Doudou Ba1,2, Petr Máca2, Jakub Langhammer1, and Ansoumana Bodian3
Doudou Ba et al.
  • 1Department of Physical Geography and Geoecology, Faculty of Science, Charles University in Prague, Albertov 6, Praha 2 128 43, Prague, Czech Republic
  • 2Department of Water Resources and Environmental Modeling, Faculty of Environmental Sciences, Czech University of Life Sciences Prague, Kamycka 1176, Suchdol, 165 21 Prague 6, Czech Republic
  • 3Laboratoire Leïdi ”Dynamique des Territoires et Développement”, Université Gaston Berger (UGB), Saint Louis, Sénégal

This study investigated the calibration performance of hydrological models applying a series of split-sample to crash-test potential combinations of calibration-validation periods under drought type (dry/wet) using lumped models: BILAN and GR2M. A sub-period focused on the drought was systematically selected for model calibration based on a particular climate characteristic (precipitation, temperature, runoff) and a 7-year moving window. This approach gives perception into calibrated parameters transferability overtime under similar or different climate conditions (drought). 

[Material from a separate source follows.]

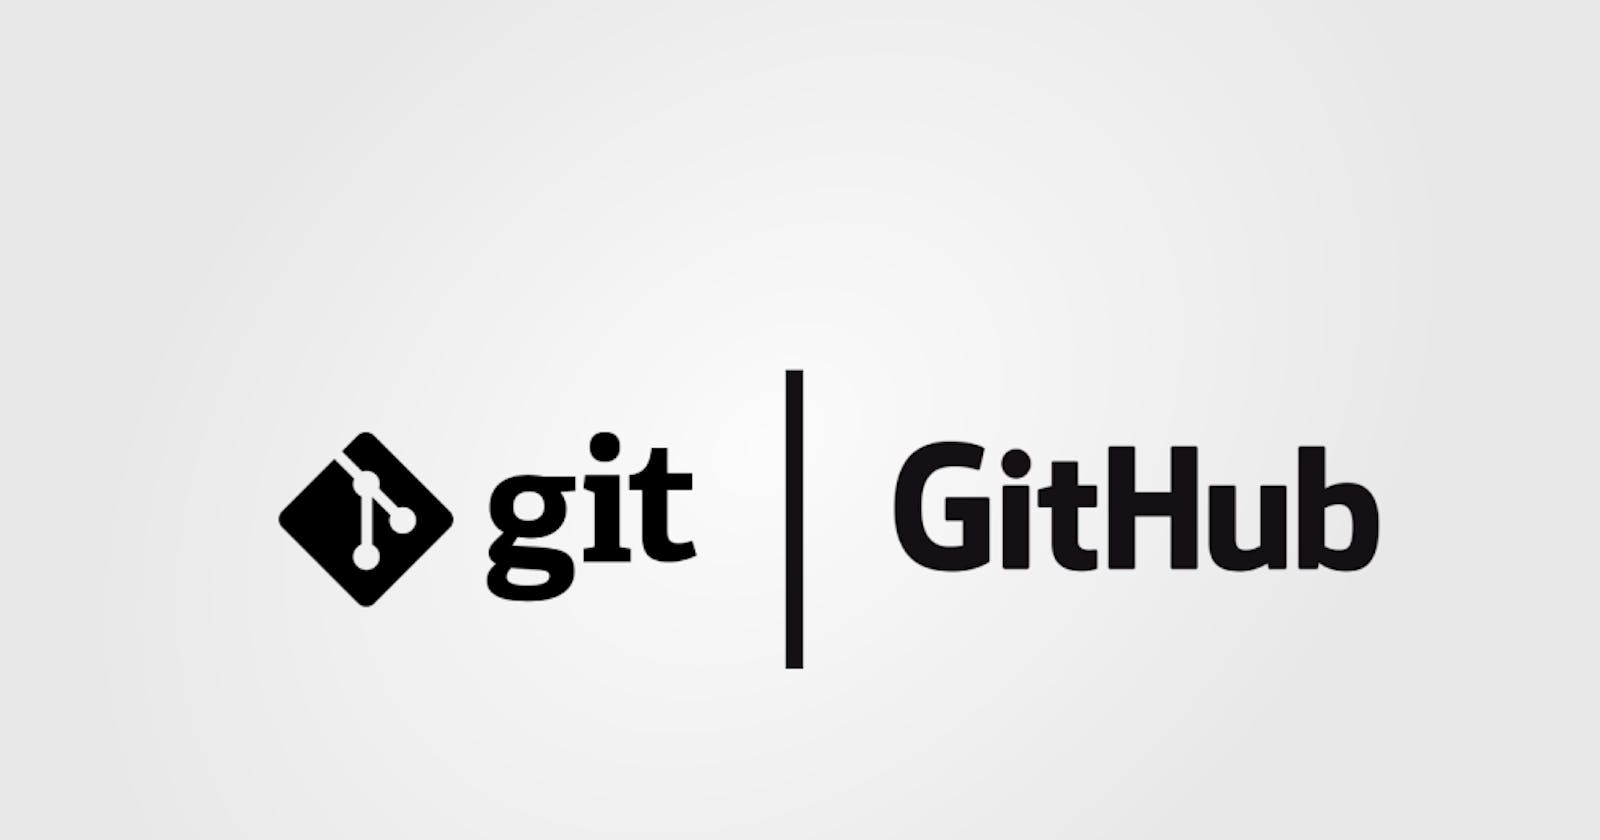 Working with Git Like a Senior Software Engineer

Both lumped models yielded similar results over a set of 6 catchments in a main West African river basin located in Senegal: the Gambia river basin. The Kling-Glupta Efficiency (KGE) was the objective function to assess models’ efficiency. A dependency was found between the model performance and the extent of input data. 

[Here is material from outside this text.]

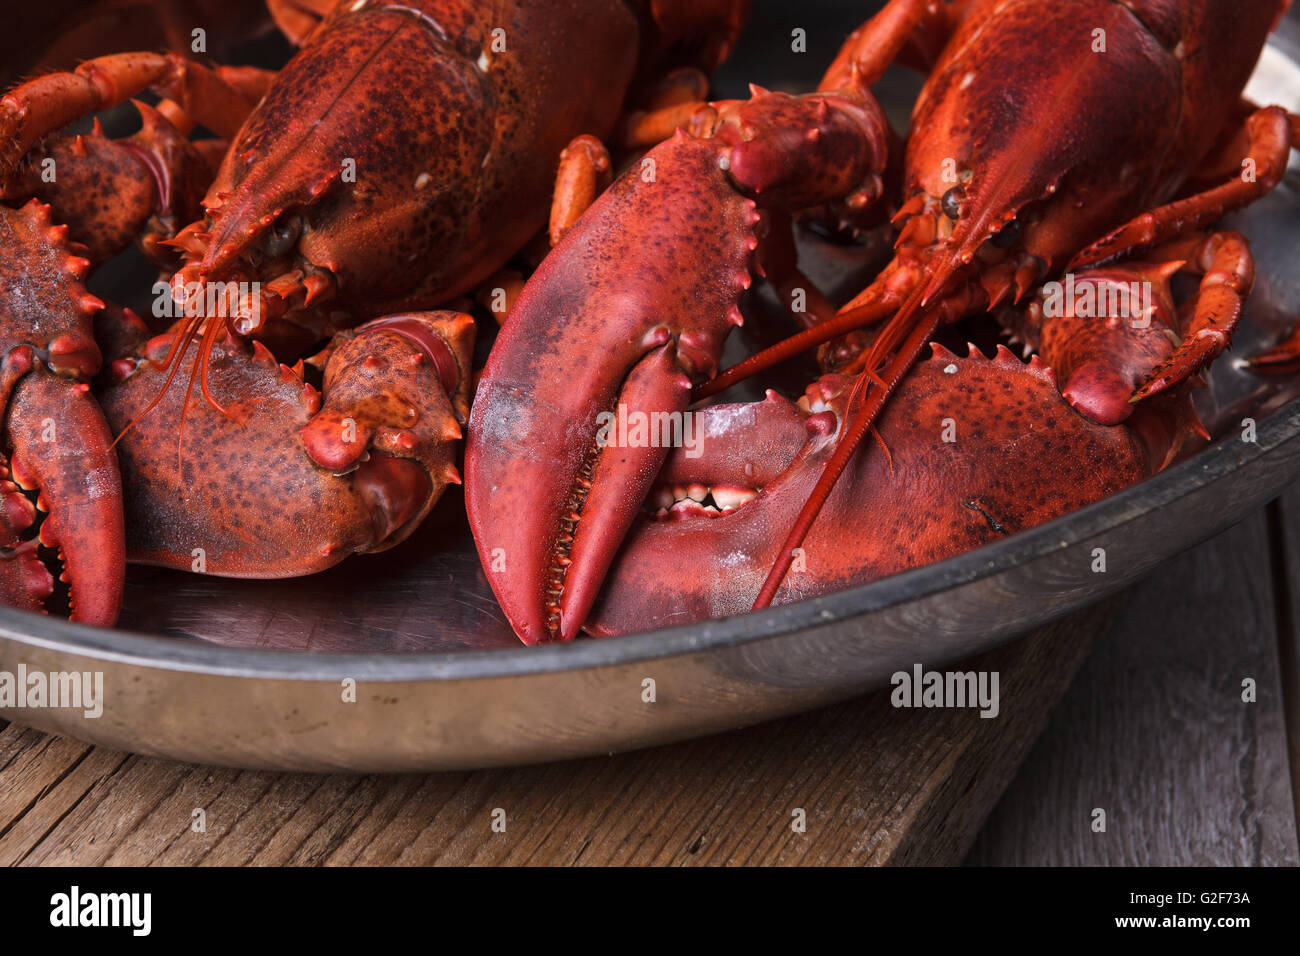 Freshly cooked lobsters served whole for dinner Stock Photo

Results have shown that the calibration performance decreases within an extending simulation period width. A focus on the impact of drought type on calibration performance revealed models simulating better dry than wet years. The analysis on how model performance would be affected when calibrated in a climate condition different to the validation (e.g. calibrated in dry(wet) and validated into wet (dry) revealed that calibration over a wetter or dryer condition than the validation and vice-versa may lead to an over(under)estimation of the simulated runoff. 

The results also indicate a general performance loss due to the transfer of calibrated parameters to independent validation periods of −5 to −25%, on average. The shift of model parameters in time (validation) may generate a significant level of errors. The outcome of this study may lead to a master of the uncertainty associated with one hydrological model and a better assessment of runoff in a real-world application.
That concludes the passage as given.